#### Provided entries ####
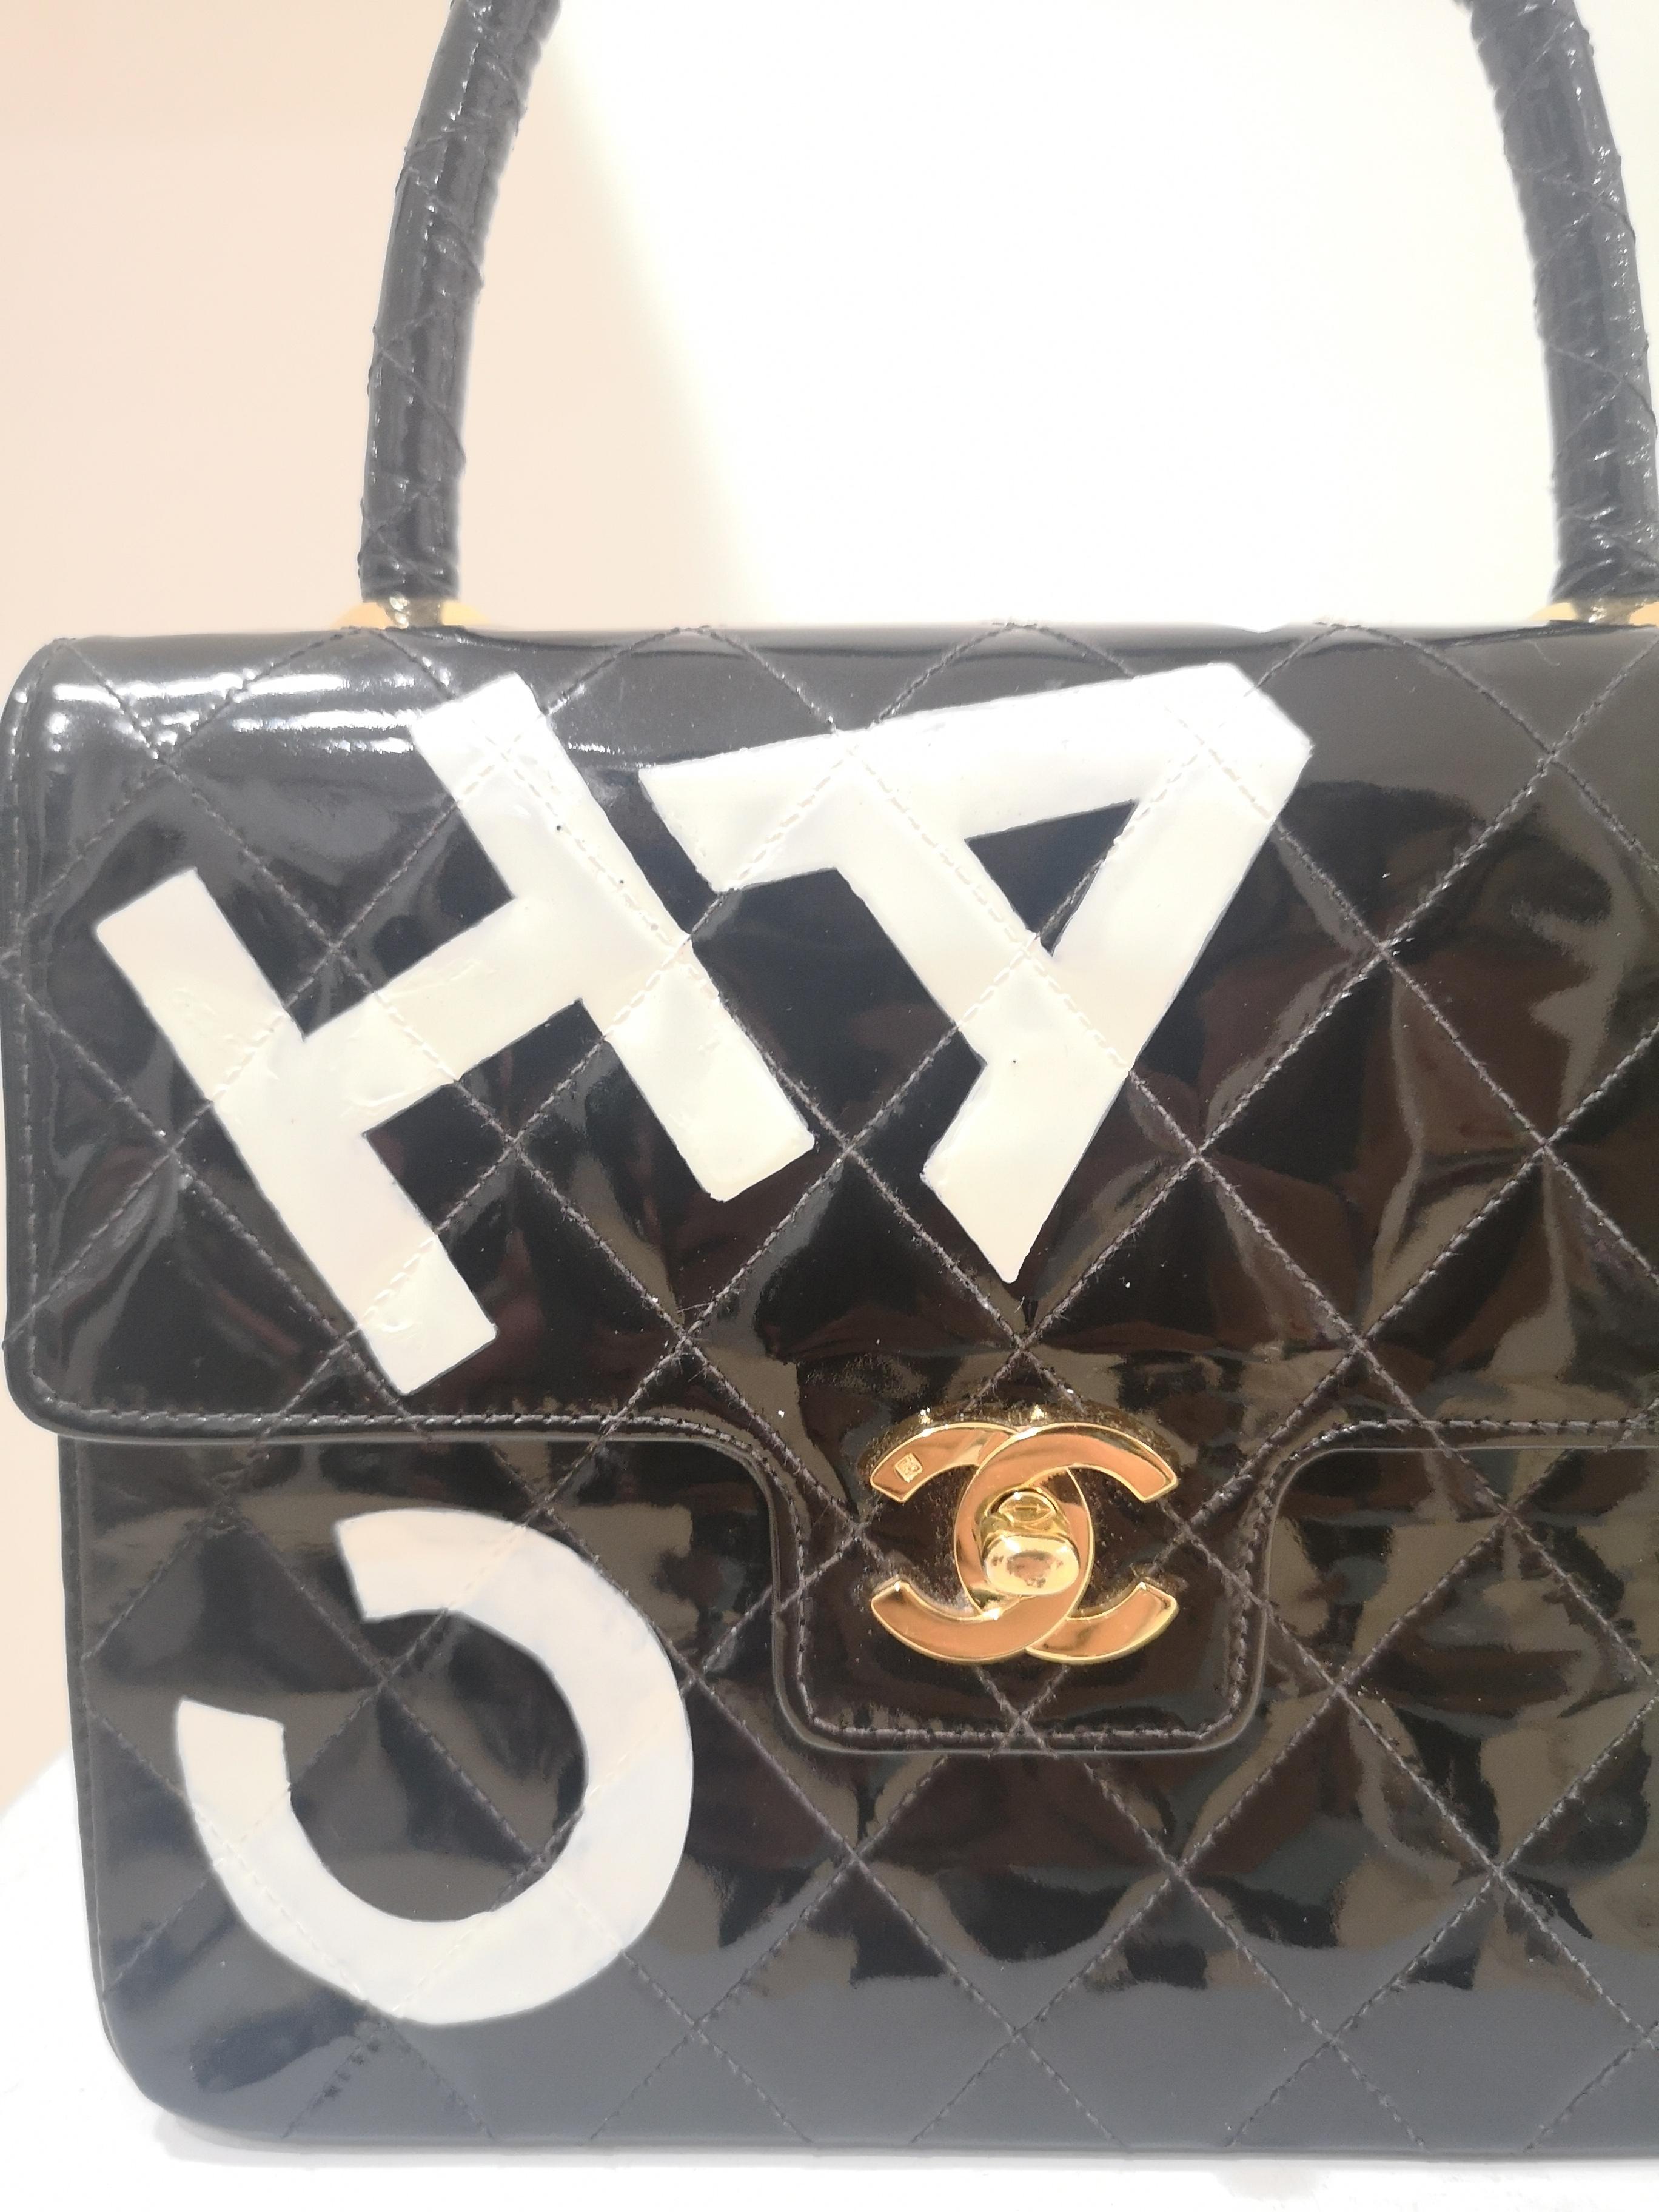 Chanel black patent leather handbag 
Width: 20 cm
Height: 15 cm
####
#### Provided entries ####
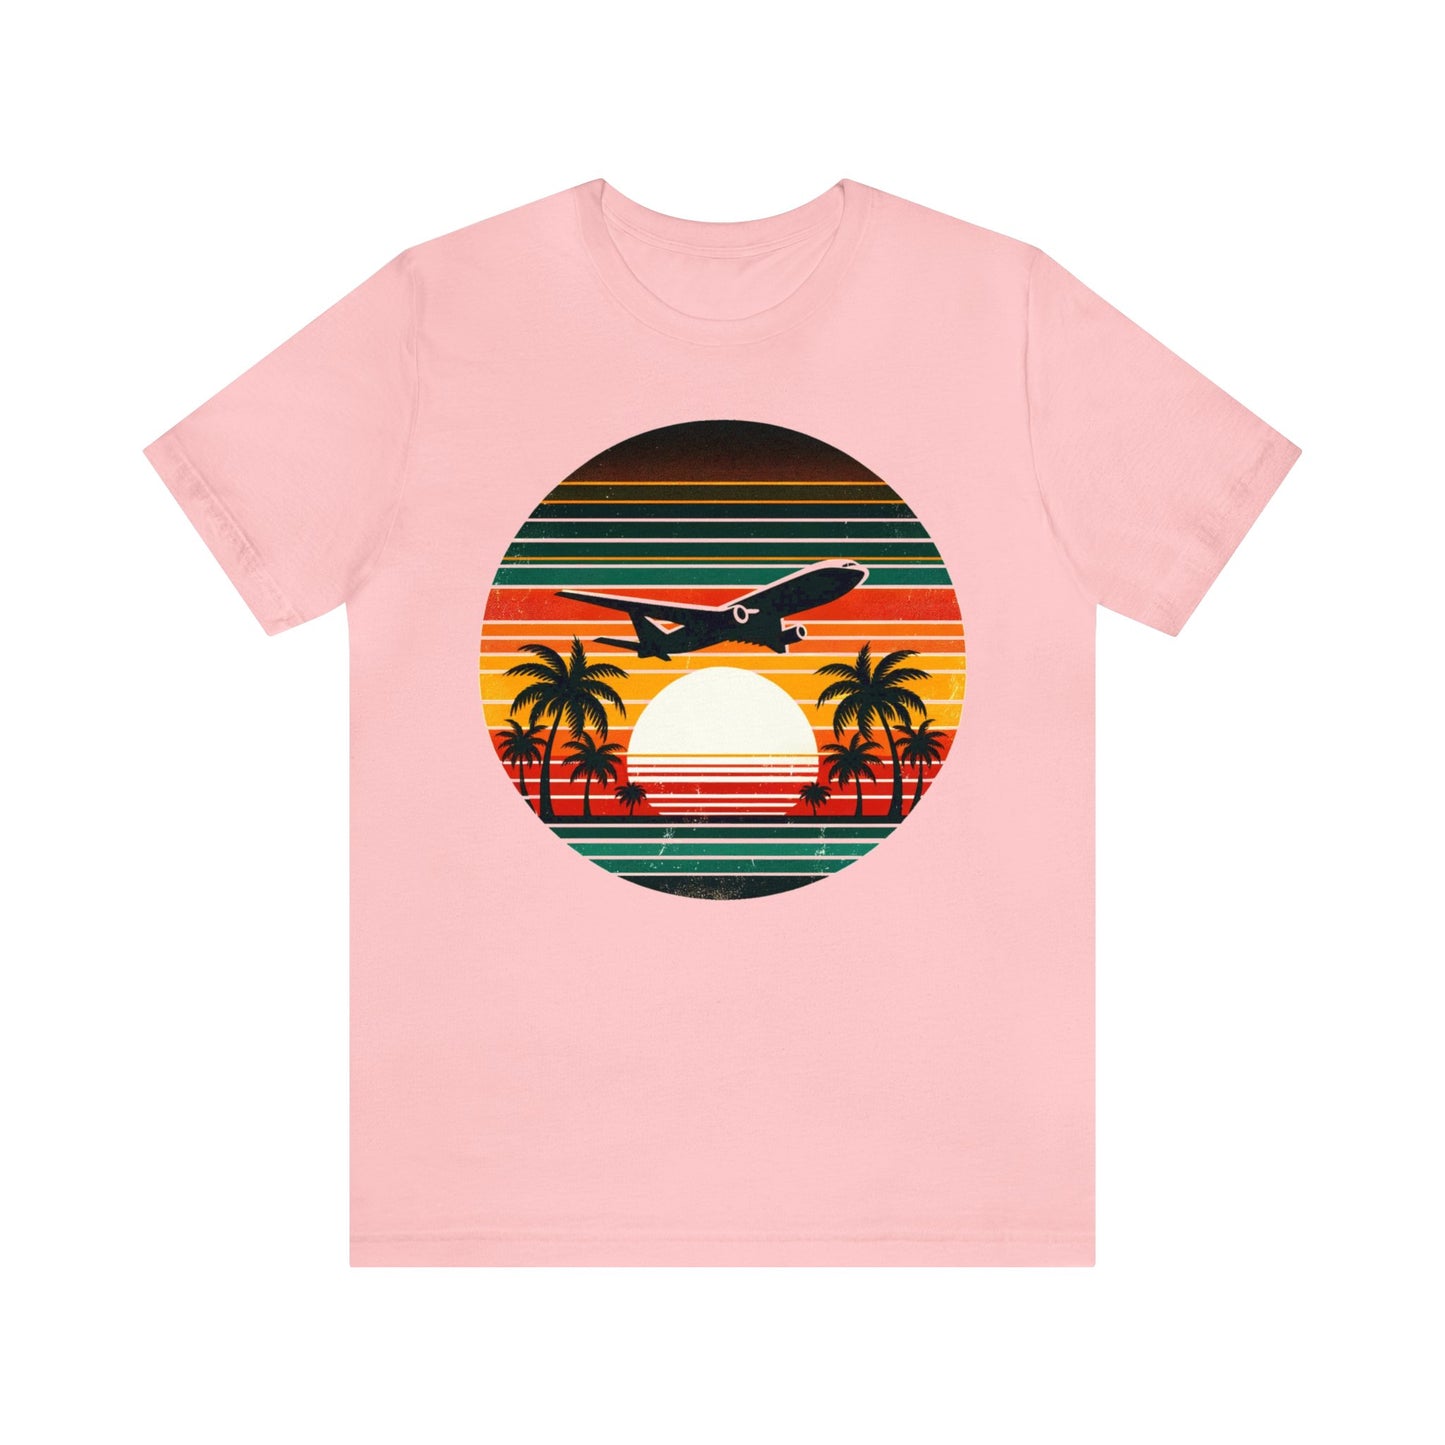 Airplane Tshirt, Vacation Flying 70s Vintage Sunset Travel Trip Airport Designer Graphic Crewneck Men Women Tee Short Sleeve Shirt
####
What you need to do:
Return the lines above from the one with "Chanel black patent leather handbag" through the one with "Height: 15 cm", verbatim and nothing else. Omit every picture.

Solution for this task:
 Chanel black patent leather handbag 
Width: 20 cm
Height: 15 cm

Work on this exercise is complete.